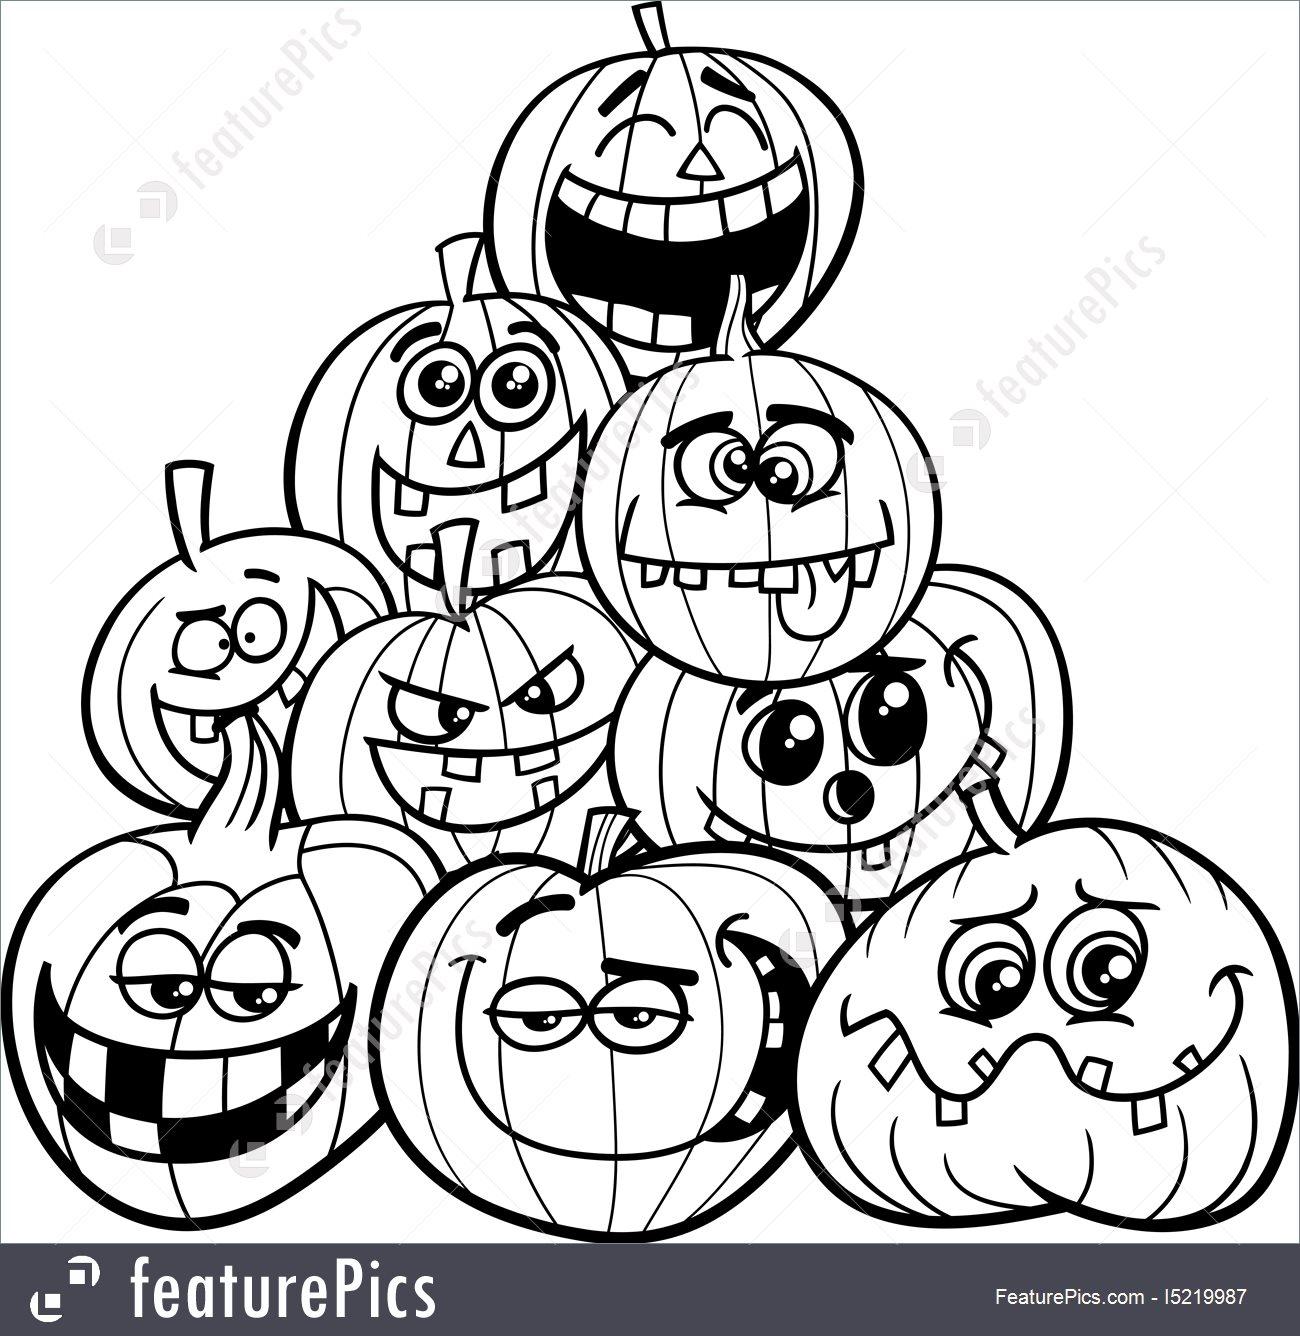 Halloween Pumpkin Coloring Pages Printables Coloring Pages Halloween Pumpkins Stock Illustration Pumpkin
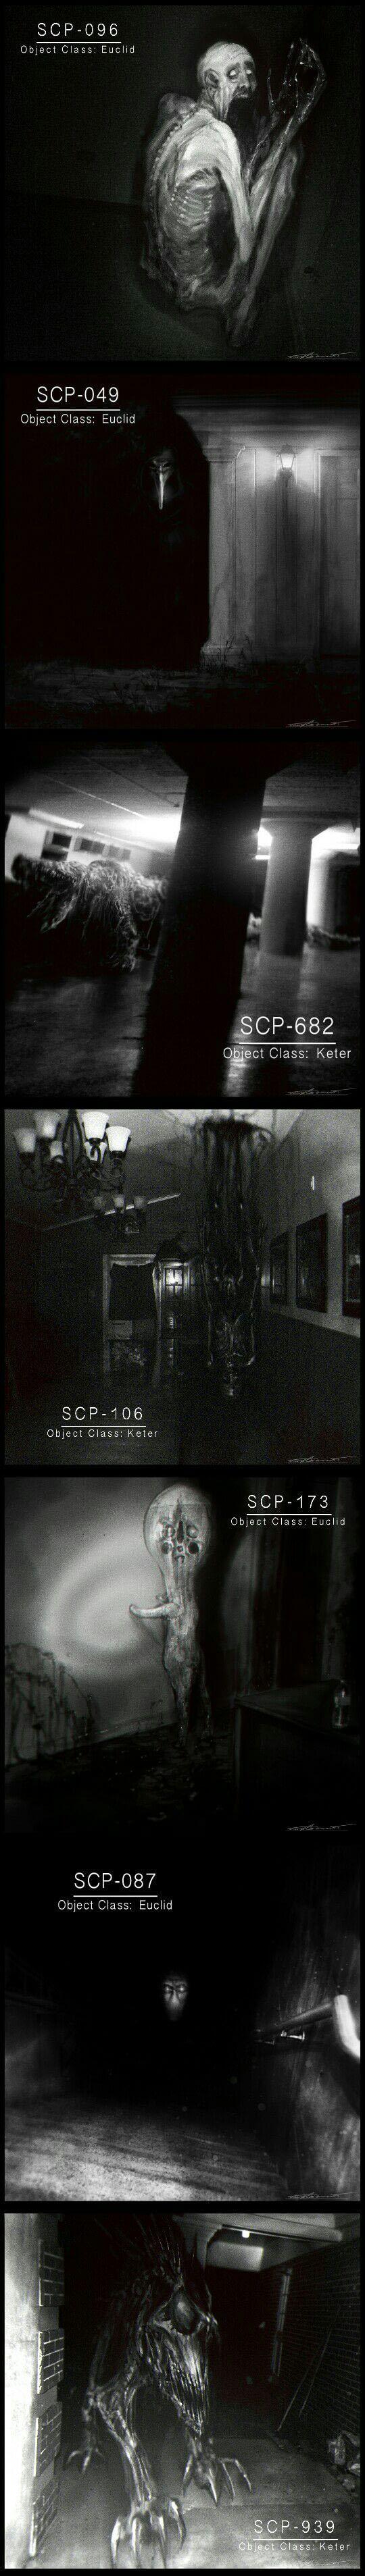 Creepy SCP monsters by Cinemamind
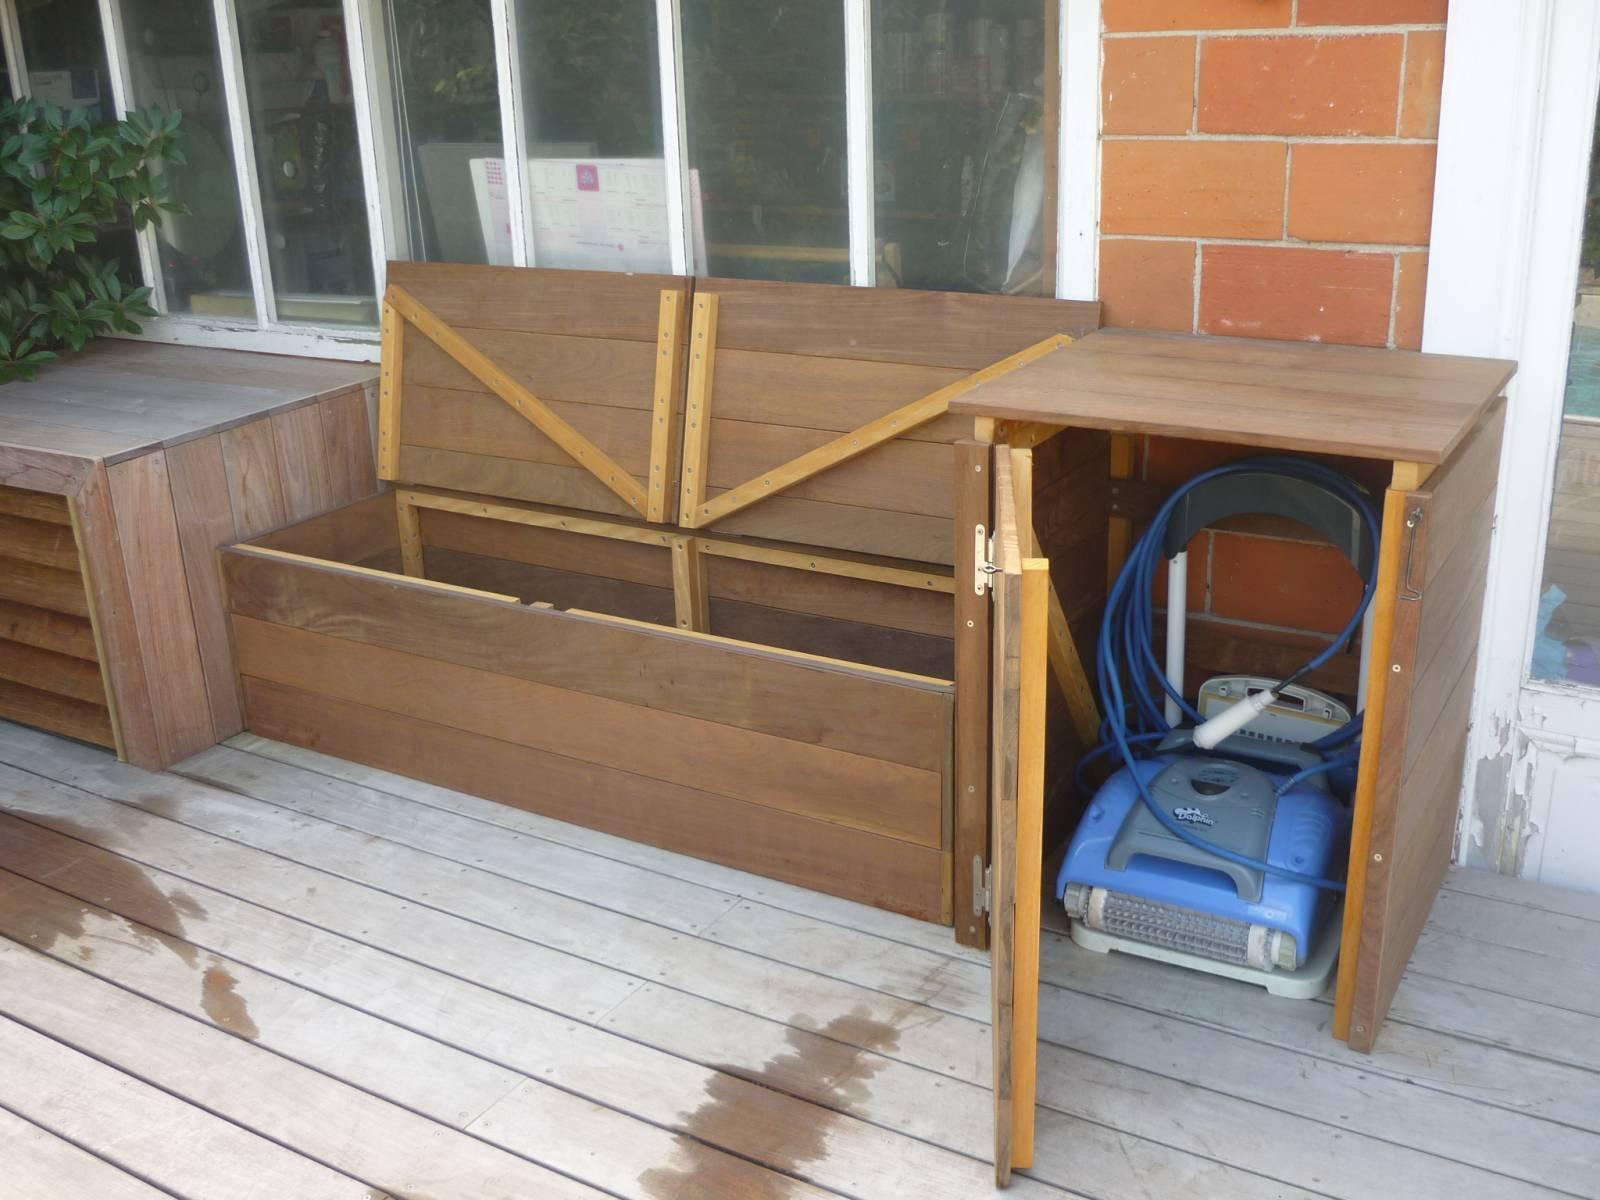 Mobilier bois a cestas deck caillebotis for Mobilier bois

Work request:
A verbatim copy of the material, pictures excluded, is what must be produced.

Solution:
 Halloween Pumpkin Coloring Pages Printables Coloring Pages Halloween Pumpkins Stock Illustration Pumpkin
 Creepy SCP monsters by Cinemamind
 Mobilier bois a cestas deck caillebotis for Mobilier bois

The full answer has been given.